Bullying is not OK. Attacking people based on their gender, race, sexual orientation or point of view is wrong. Such behavior runs counter to the principles upon which this country was founded and sows harmful division within our community. Children and adults need role models who embody kindness and humility. We are responsible as New Hampshire residents and United States citizens for the conduct we permit in our communities. The individuals we elevate to positions of authority matter.

Former Vice President Joe Biden has my vote because he treats others with respect and makes decisions with restraint. You do not have to hold my position, but stealing and defacing signs is not permissible.

Please treat others the way you wish to be treated. Hate has no place in our community.

ANNA HARRIS

Lebanon

E-bikes are not a speed threat

I have not seen quite so much waffle in the Forum as I’ve seen about electric bikes recently.

I have been an owner of two e-bikes. The first one was dangerous because the battery pack and the motor were placed at the back wheel. When steering from the front wheel, the back wheel often ignored such maneuvers and then threw you to the ground.

The second e-bike was better balanced by having the motor at the center of the foot pedals and the battery pack in front of your seating equilibrium and behind the front wheel. But such an arrangement also has its dangers because it makes the bike heavier than what one is used to. In dismounting, you can easily tip the balance and find yourself on the ground.

On one of these bikes I could, in fact, move along by the motor without having to peddle, but the bike never went faster than when I would peddle it myself. The second bike would not even start the motor if you did not peddle. So you got just as much exercise as on an ordinary bike, except you did not get so much out of breath going uphill. These bikes certainly don’t increase speed.

INGE BROWN

Wilder

Danger of hubris to our democracy

In ancient Athens, where the first experiment in democracy took place, citizens were required and paid to attend plays (often tragedies) each year that served as civic lessons and warnings of threats to their form of government. A reoccurring theme in these plays was the danger of hubris, which brought ruin upon a leader and those around him.
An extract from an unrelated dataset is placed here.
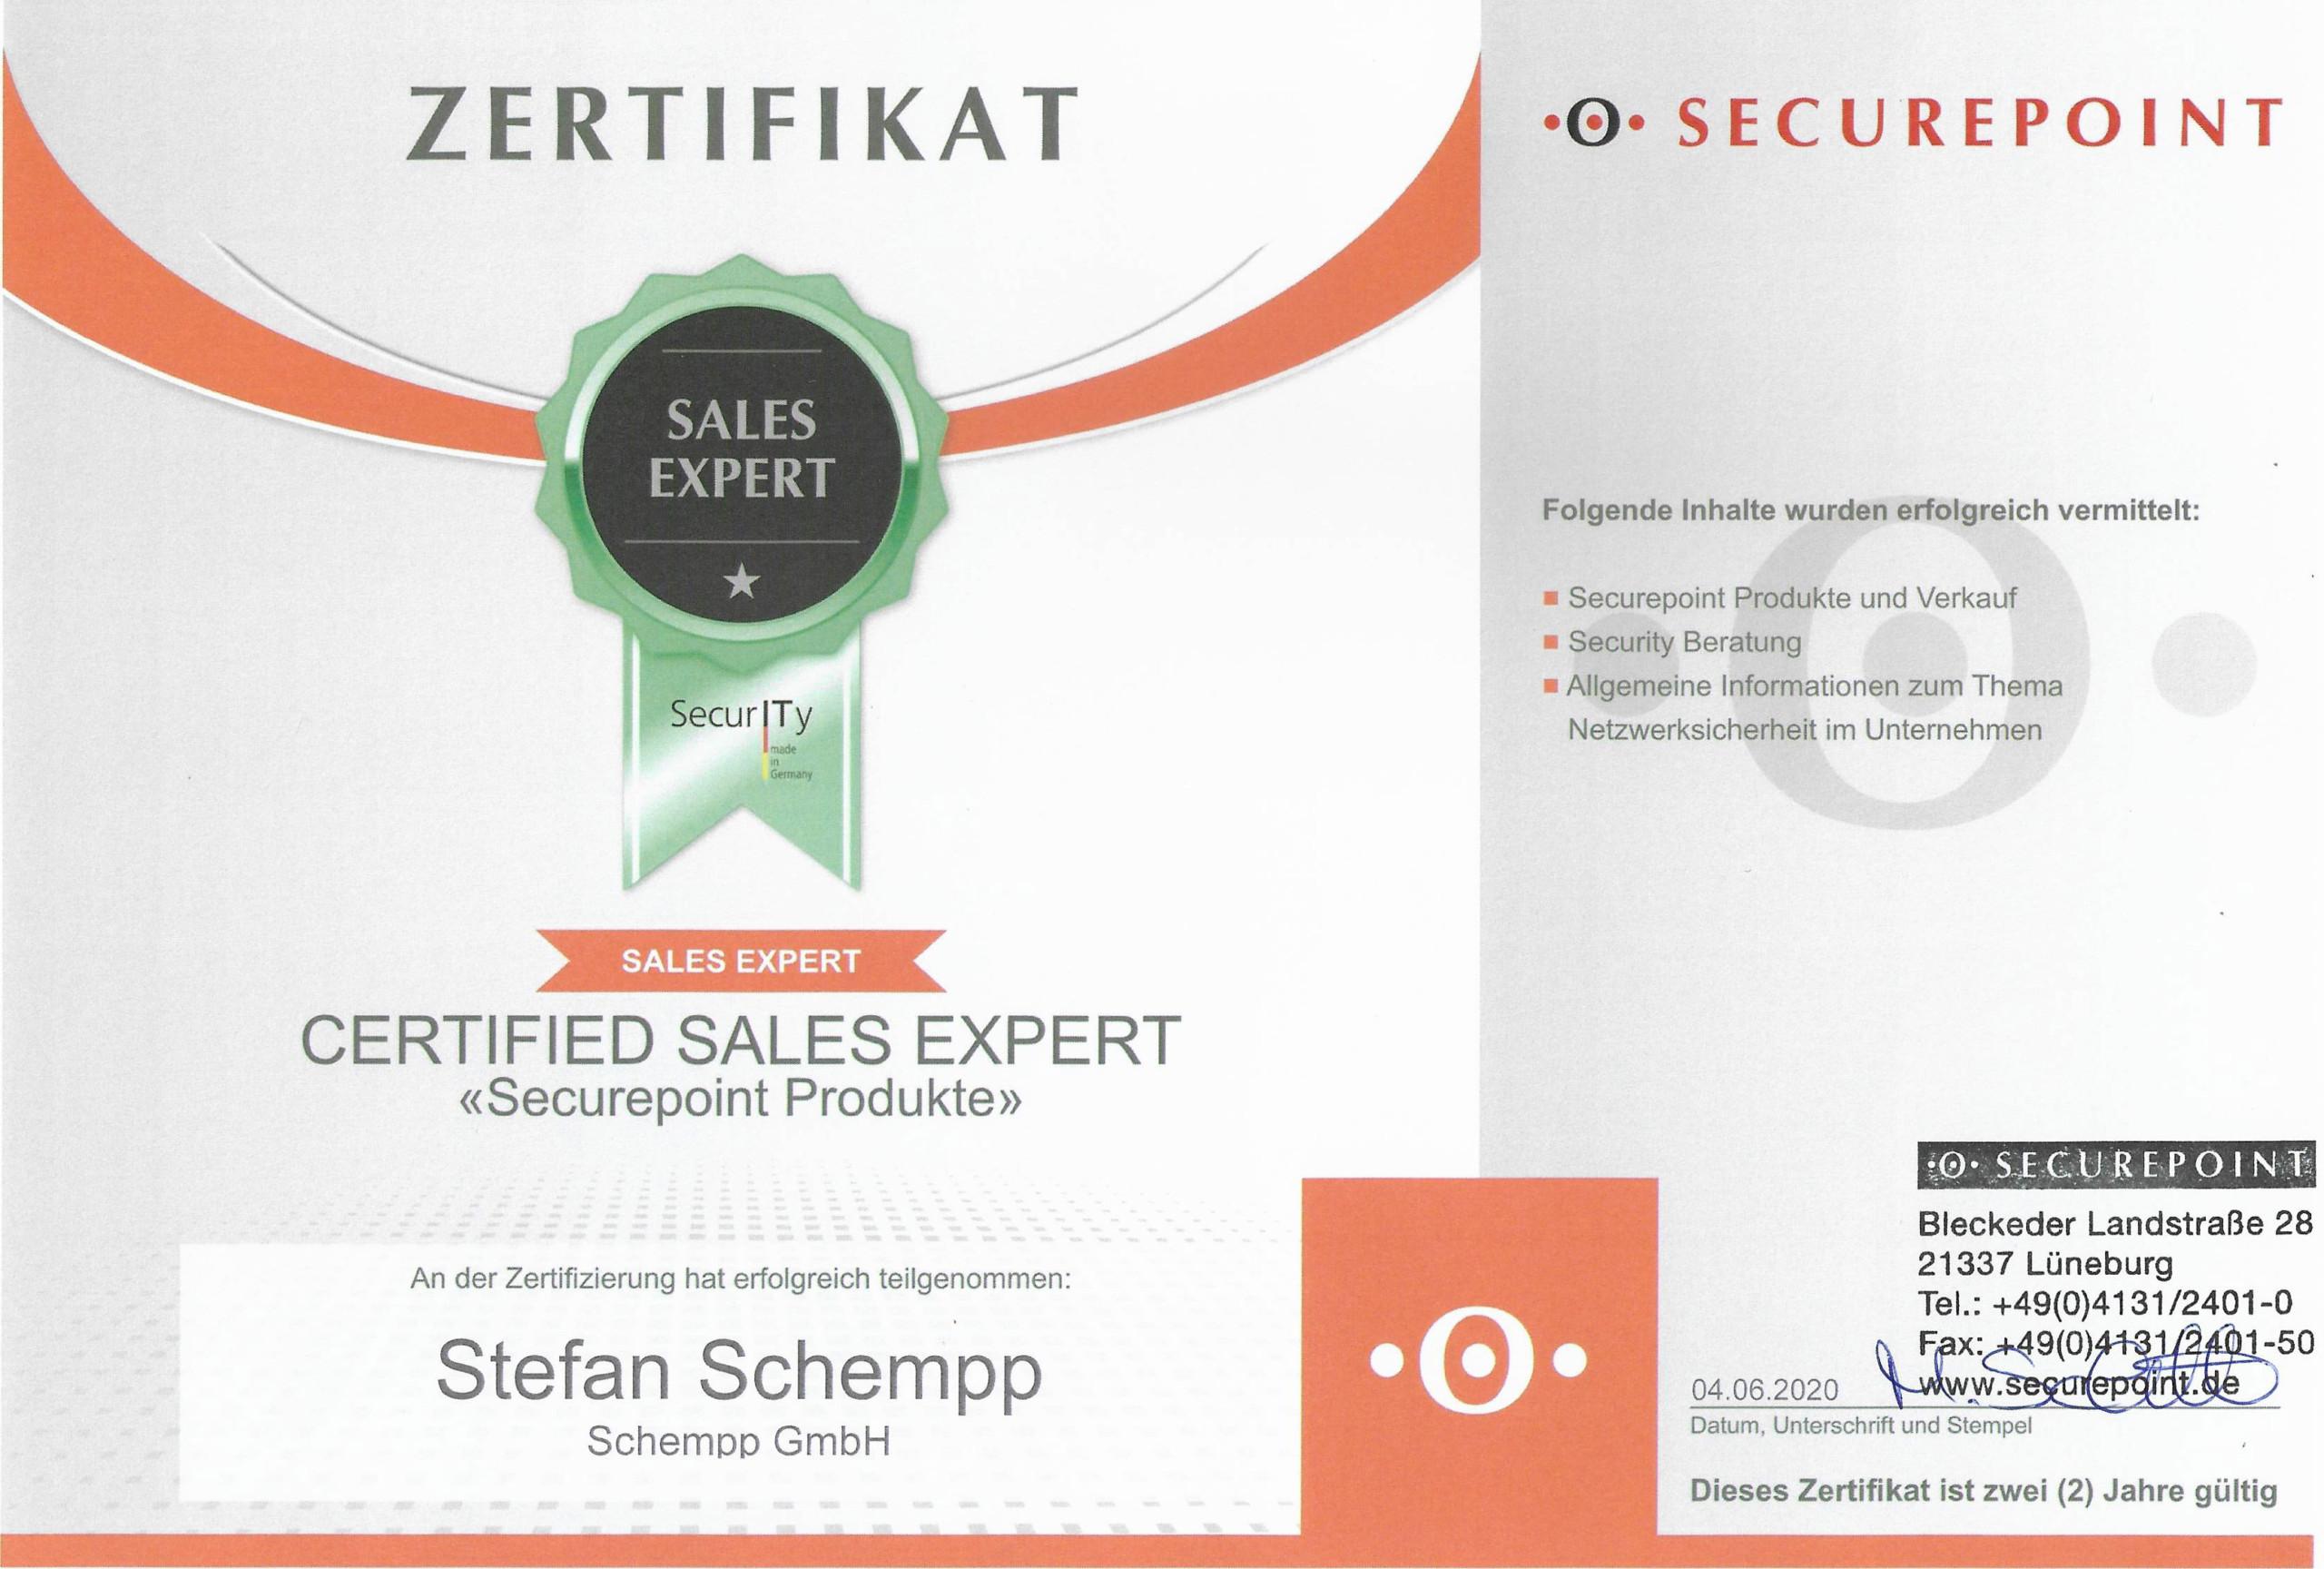 Securepoint Sales Expert Zertifikat

The website artandpopularculture.com defines hubris as “a personality quality of extreme or foolish pride or dangerous overconfidence. ... Hubris is usually perceived as a characteristic of an individual rather than a group, although the group the offender belongs to may unintentionally suffer consequences from the wrongful act. Hubris often indicates a loss of contact with reality and an overestimation of one’s own competence, accomplishments or capabilities.”

The founders of our republic carefully studied the example of Greece and Rome. They knew all too well both how history repeats itself and the fragility of democracies. Sadly, President Donald Trump and his handling of COVID-19, which has resulted in his contracting the virus, the disease spreading to his inner circle and the death of well over 200,000 of his countrymen, would have been well understood by the ancient Greeks. They would attribute it once again to a leader suffering badly from hubris.

JOHN FREITAG

South Strafford

First, provide no information

Apparently President Donald Trump’s medical team at Walter Reed National Military Medical Center was required by Trump to profess to his “Hypocritic Oath” before addressing the public regarding his condition.